SECTION 3. Conditions Precedent to Additional Tranche A Commitments. The obligations of the Increasing Tranche A Lenders to provide additional Tranche A Commitments on the Amendment No. 2 Effective Date shall be subject to the satisfaction or waiver of the following conditions precedent:
(a) On the Amendment No. 2 Effective Date, each of the conditions set forth in Section 10.2 of the Credit Agreement shall be satisfied and the Administrative Agent shall have received a certificate to that effect dated as of the Amendment No. 2 Effective Date and signed by a Responsible Officer of each Borrower.
(b) The Administrative Agent shall have received (with sufficient copies for each Increasing Tranche A Lender) such legal opinions, board resolutions and other closing certificates and documentation as shall be reasonably required by the Increasing Tranche A Lenders, in each case consistent with those delivered on the Closing Date under Section 10.1 of the Credit Agreement.
(c) All fees and other amounts due and payable to the Administrative Agent or any Increasing Tranche A Lender on or prior to the Amendment No. 2 Effective Date, including, to the extent invoiced, reimbursement or payment of all out-of-pocket expenses required to be reimbursed or paid by the Borrowers hereunder or under any other Loan Document shall have been paid.
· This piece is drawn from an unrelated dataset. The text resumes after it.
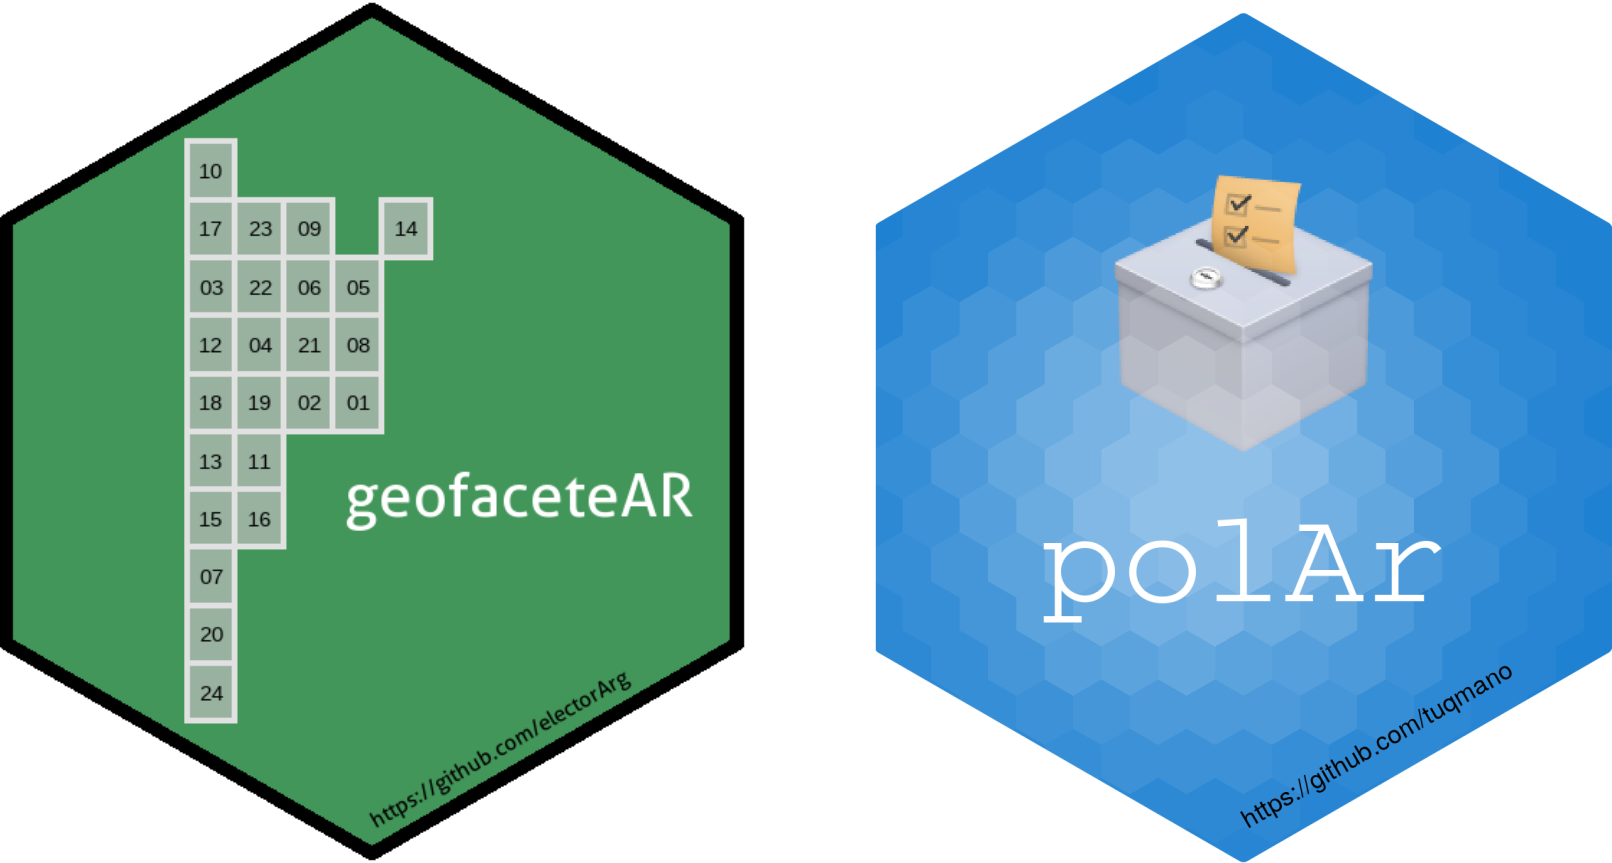 geofecetAR R package hex logo on the left and original polAr R package hex logo on the right

SECTION 4. Representations and Warranties. To induce the other parties hereto to enter into this Amendment, Holdings and each Borrower represents and warrants to each of the Lenders, the Administrative Agent, the Letter of Credit Issuers and the Collateral Agent that, after giving effect to this Amendment, (a) the representations and warranties set forth in Article 8 of the Credit Agreement are true and correct in all material respects on and as of the date hereof, except to the extent such representations and warranties expressly relate to an earlier date; and (b) no Default or Event of Default has occurred and is continuing.
SECTION 5. Effectiveness. This Amendment shall become effective as of the date set forth above on the date (the Amendment No. 2 Effective Date) on which the Administrative Agent shall have received counterparts of this Amendment that, when taken together, bear the signatures of Holdings, each Borrower, each Letter of Credit Issuer, the Swingline Lender and each other Lender (after giving effect to assignments by Non-Consenting Lenders, if any).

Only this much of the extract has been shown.